# Dreams



## DiamondsandRust (Jan 21, 2014)

well, i been having dreams of my stbxw, sucks cause they usually about her living me for someone else. during wake time i'm already feeling better about the divorce, but dreams are so painful. when i wake up it takes me a while to snap back to reality. 

it sucks, cause I fell in love with this girl before i met my stbxw, and even though it was a bad break up with her, when i still dream of her the dreams are good and i feel good when i wake up. 

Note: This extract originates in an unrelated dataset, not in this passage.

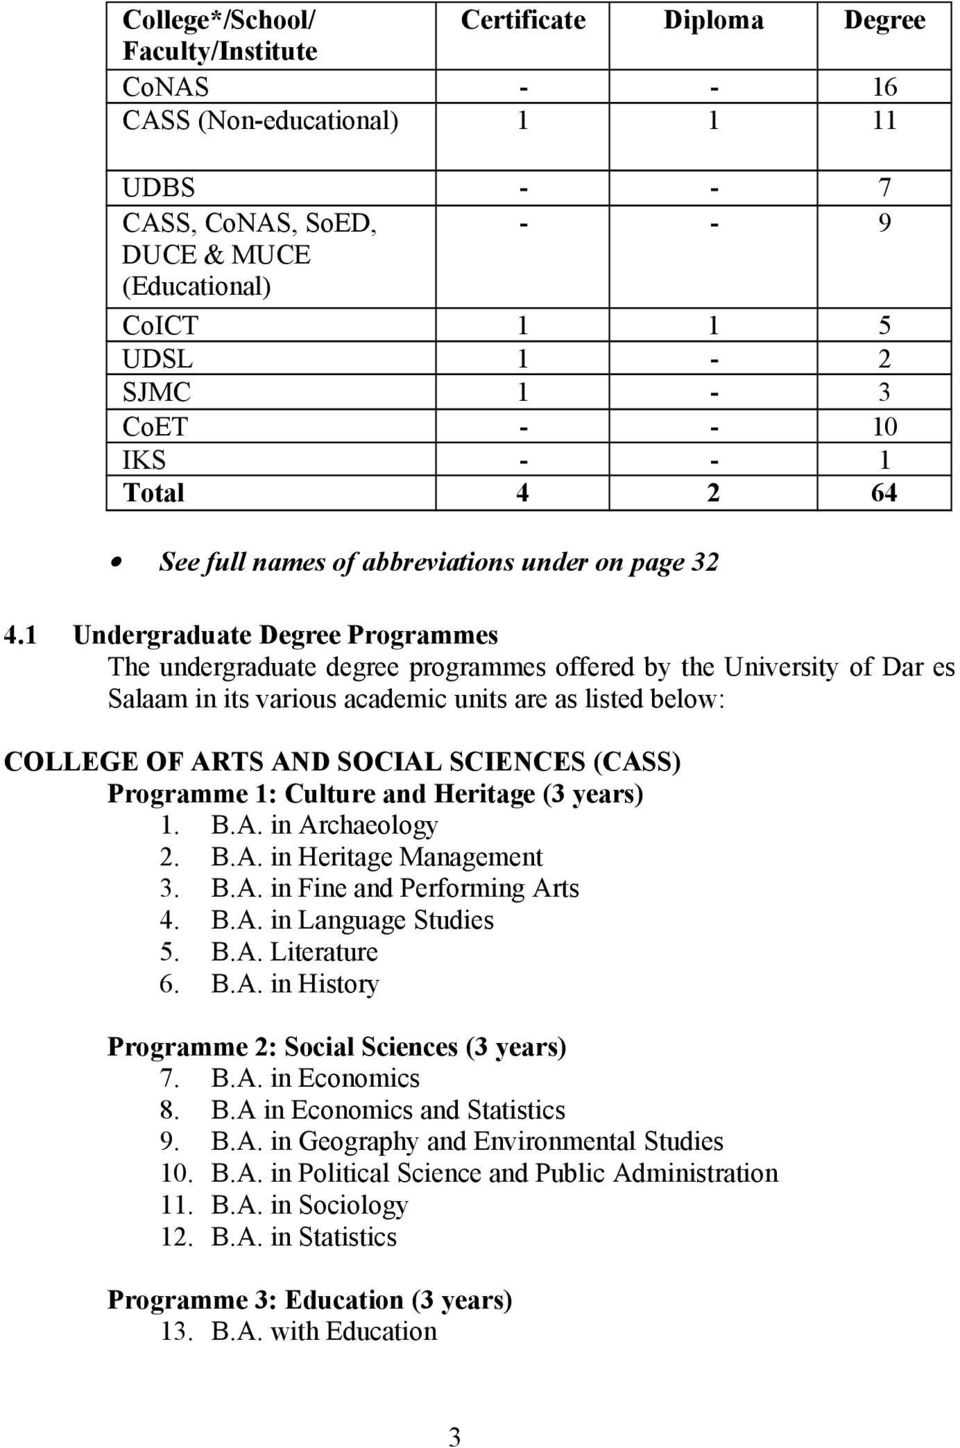 1 Undergraduate Degree Programmes The undergraduate degree programmes offered by the University of Dar es Salaam in its various academic units are as listed below: COLLEGE OF ARTS AND SOCIAL SCIENCES

i hope one day my dreams about my stbxw are gonna be good and when i wake up i will feel good too.


----------



## DiamondsandRust (Jan 21, 2014)

i guess so. it's weird cause the other girl before my stbxw, it was over 8 years ago. for some reason, the number 638 always pops in different places. but most of it, for some reason i always seem to look at the clock at 638. the 638 are the first numbers from her phone. lol
oddly enough the other day i got a toy car and the sticker number on it is 638. 

i dream of her sometimes and it's always either i talk to her or i see her from a bit far away and when i'm getting close i wake up. 

i guess, i never really wanted to forget about her. but even though the dreams are not good, i wake up feeling good that i got to see her. 

but with my stbxw it has always been the same for a while now, the dreams didnt just start now after the separation. The dreams have been going on for years now. always her leaving. 

oddly enough when i was younger, i saw myself driving a white car. then losing control and crashing very bad. car got destroyed but somehow i was fine. few years later, i was driving a white car and got in a head collision and my car was destroyed but i walked out of with no injuries.


----------